Take-home 2 is due on Friday.

Excerpt from chapter 3 of Terry Parsons: A Primer in the Semantics of English (PDF).

If you want to read the complete Parsons manuscript, you can find it here.

march 31

Meaning composition in phrasal syntax: the contribution of verbs. Continued. Moving towards an event semantics.

Still: Excerpt from chapter 3 of Terry Parsons: A Primer in the Semantics of English (PDF).

If you want to read the complete Parsons manuscript, you can find it here.

april 7

Davidsonian event semantics. Adverbial modification. Adjectives.

Take-home 3 is given out on Friday.

This is is good time to reread: Barbara Partee on lexical semantics and compositionality (PDF version from the Semantics Archive). The screen-viewable published version from An Invitation to Cognitive Science can also be accessed via the CogNet Library and is here.

april 14

Quantifiers

Take-home 3 is due on Friday.

Reading: Richard Larson on Semantics (PDF, 2.5 MB, not printable).From An Invitation to Cognitive Science, which can be accessed via the CogNet Library.
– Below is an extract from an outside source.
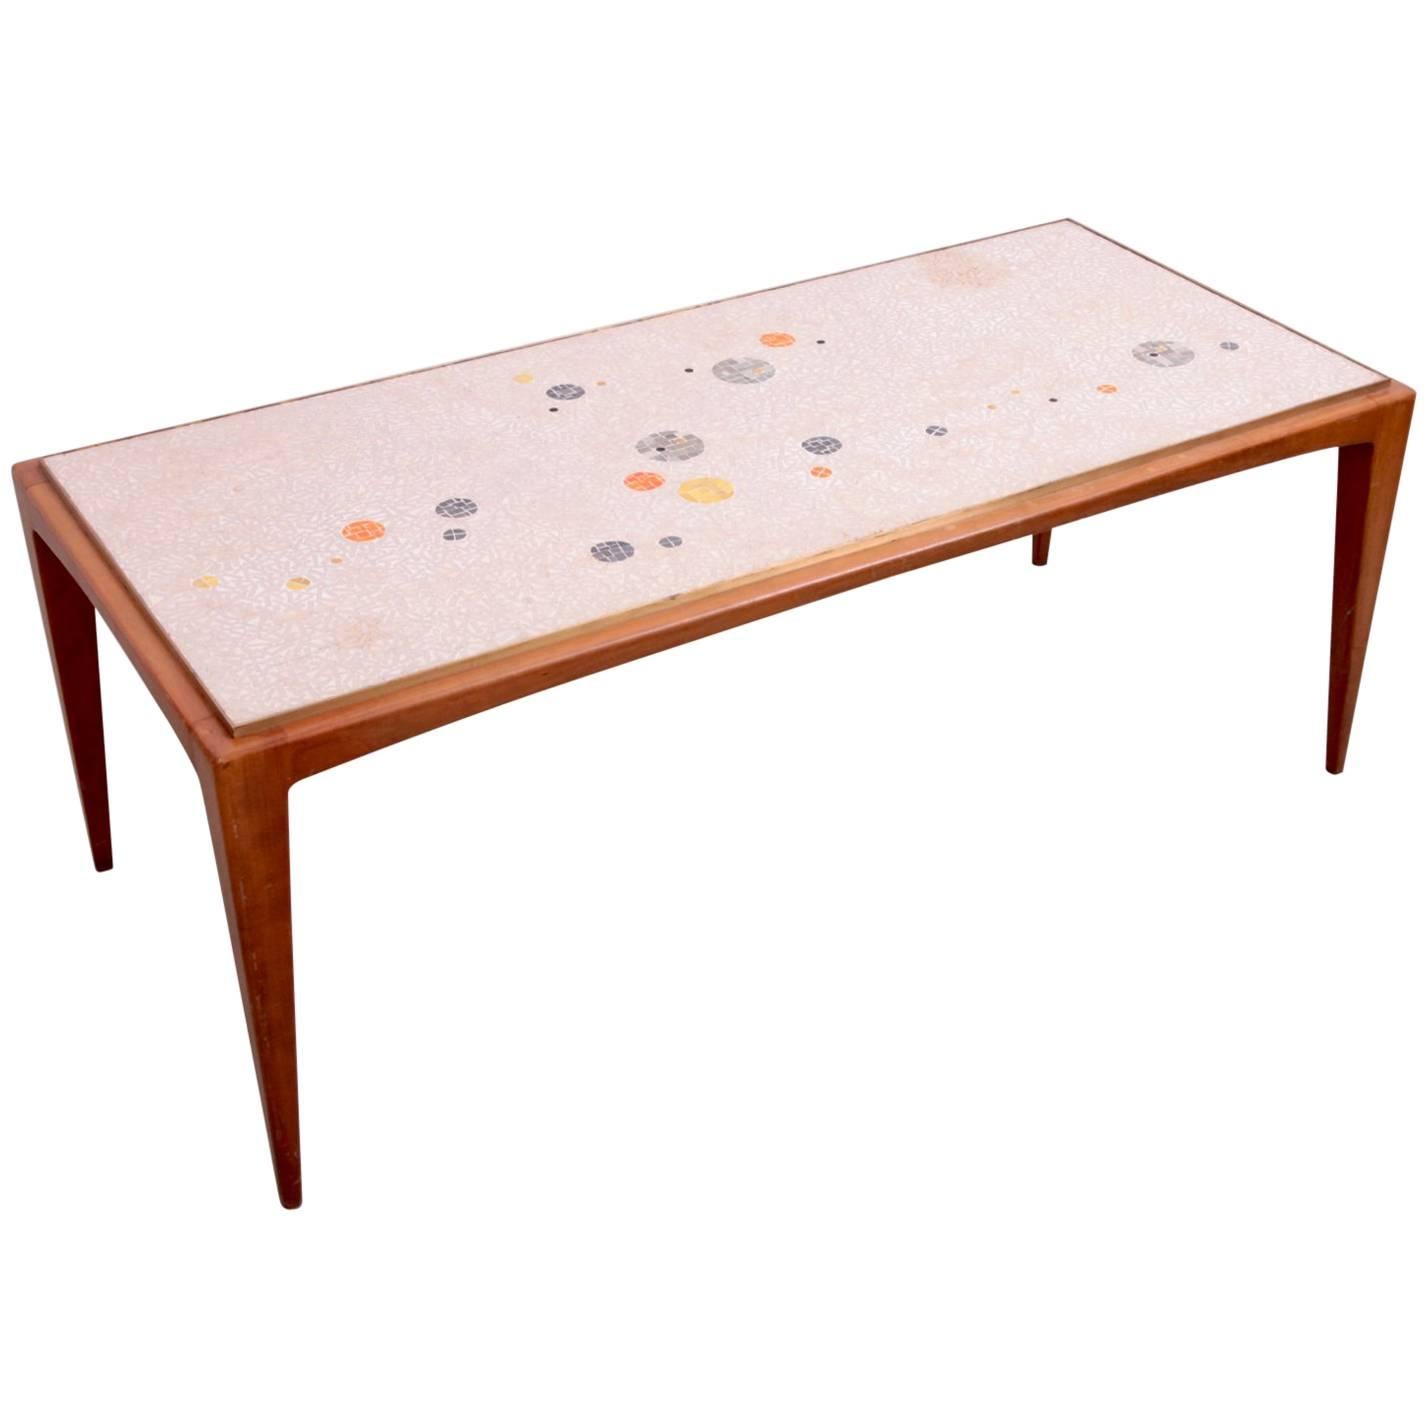 Signed Berthold Muller Mosaic Coffee Table on Wood Base, Germany, 1958 For Sale

No class, but virtual consultation hours on Wednesday. See take-home exam 3 for details.

april 21

Holiday on Monday.

 

Mini-Conference: Presentation of semester projects.

 

Wednesday: Null pronouns in Russian; Aspect and modality in Russian; Double modals in Southern varieties of American English; Same and different in English.

Friday: Conjunctions and the order of events; Opacity, coreference, and pronouns; Broken plurals in Arabic; Reciprocals in French.

april 28

 

Mini-Conference: Presentation of semester projects.

Take-home 4 was given out on Friday.

Monday: The copula in Irish, and maybe Spanish; Ser and estar in Spanish; Wa and ga in Japanese; Less or fewer?

Wednesday: Autism, implicatures, and Theory of Mind: Generating predictions; Autism, implicatures, and Theory of Mind: Testing some predictions; Or or and?; Computing scalar implicatures in the scope of determiners.

Friday: The subjunctive in Spanish; Negative quantifiers in Spanish; More on negative quantifiers in Spanish; Free choice in Italian.

may 5

 

Mini-Conference: Presentation of semester projects.

Monday: Compositionality in Compounds; Constructing compounds: a crosslinguistic comparison; Shit's all around us; German doch.

Wednesday: What drives metonomy?; Processing structural ambiguities; On bearing and using arms; On plinking.

Friday: "each" and "every". Represented speech in Sherlock Holmes: parentheticals.

may 12

Monday: Last session of this class. Doughnuts. Final paper and take-home 4 are due at the beginning of class. No extensions . Grades will be submitted on May 14.

We'll do evaluations and a final wrap-up of the course.